Causes and incidence
Formation of polyps results from unrestrained cell growth in the upper epithelium. Predisposing factors include heredity, age, infection, and diet.
Villous adenomas are most prevalent in men older than age 55; common polypoid adenomas, in white women between ages 45 and 60. Incidence in both sexes rises after age 70. Juvenile polyps usually occur among children younger than age 10 and are characterized by rectal bleeding.
Signs and symptoms
Because rectal polyps don’t generally cause symptoms, they’re usually discovered incidentally during a digital examination or rectosigmoidoscopy. Rectal bleeding is a common sign; high rectal polyps leave a streak of blood on the stool, whereas low rectal polyps bleed freely.
Rectal polyps vary in appearance. Common polypoid adenomas are small, multiple lesions that are redder than normal mucosa. They’re commonly pedunculated (attached to rectal mucosa by a long, thin stalk) and granular, with a red, lobular, or eroded surface.

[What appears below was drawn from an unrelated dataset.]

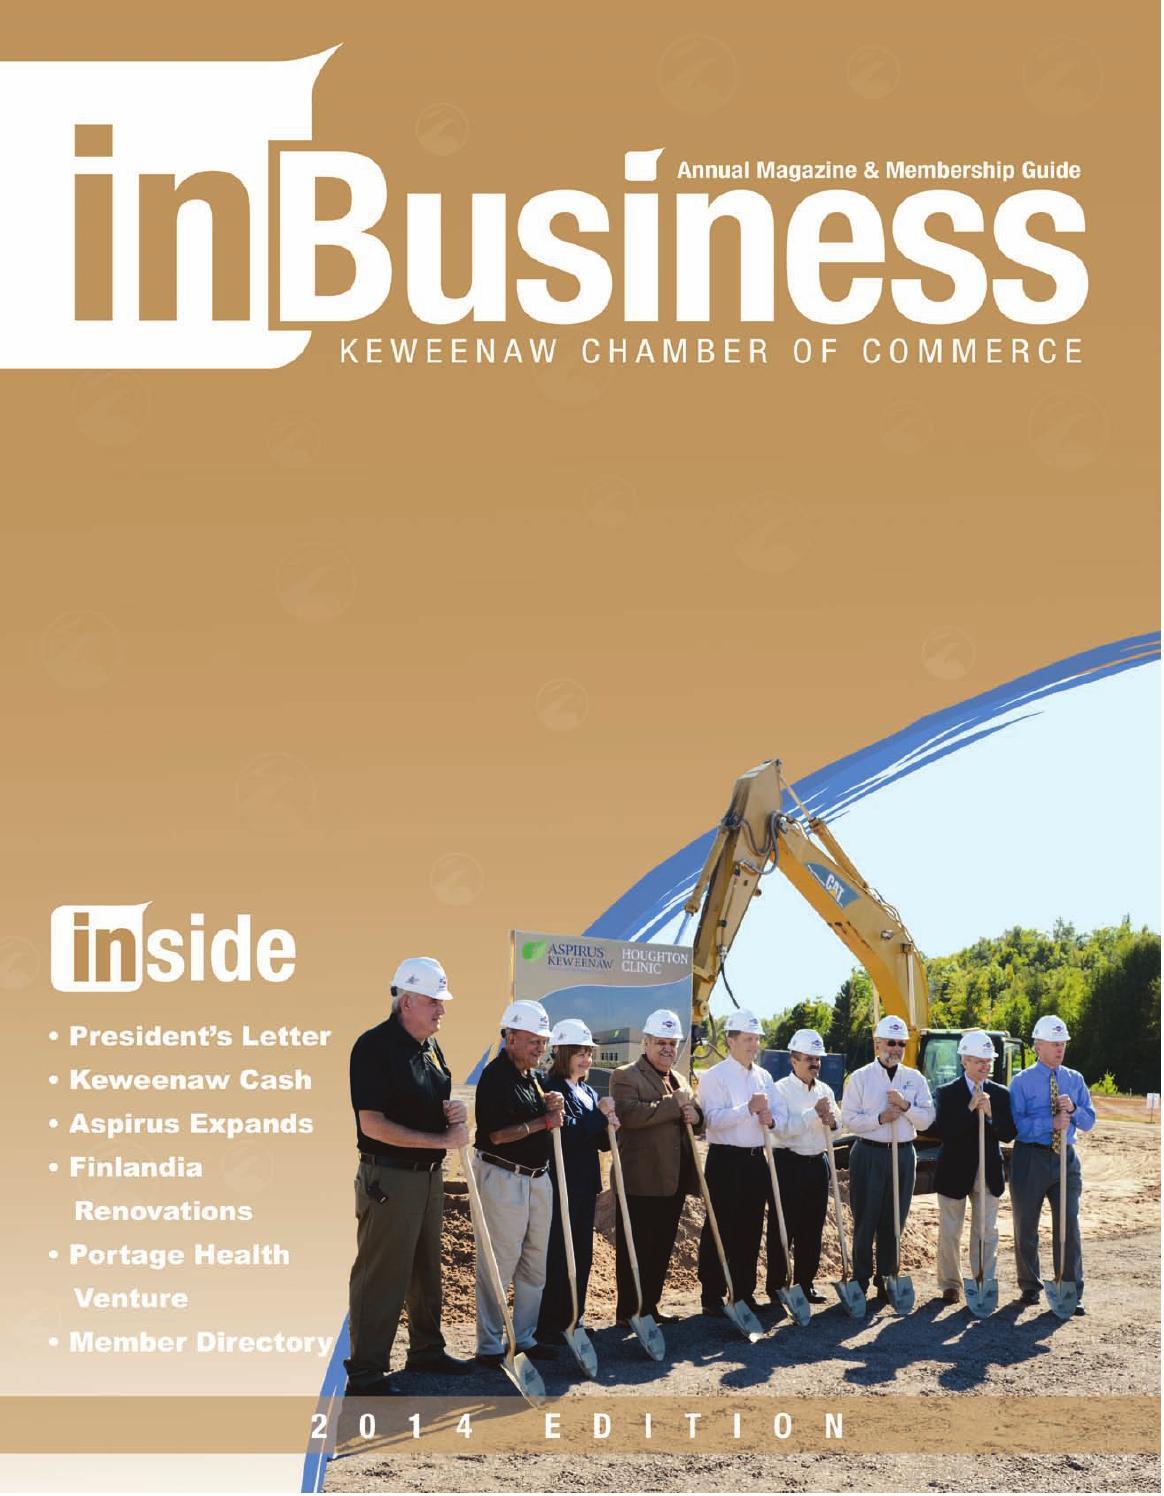 Michigan keweenaw county allouez - 2014 Keweenaw Chamber Inbusiness Magazine By Keweenaw Chamber Of Commerce Issuu

Villous adenomas are usually sessile (attached to the mucosa by a wide base) and vary in size from 0.5 to 12 cm. They are soft, friable, and finely lobulated. They may grow large and cause painful defecation; however, because adenomas are soft, they rarely cause bowel obstruction. Sometimes adenomas prolapse outside the anus, expelling parts of the adenoma with feces. These polyps may cause diarrhea, bloody stools, and subsequent fluid and electrolyte depletion, with hypotension and oliguria.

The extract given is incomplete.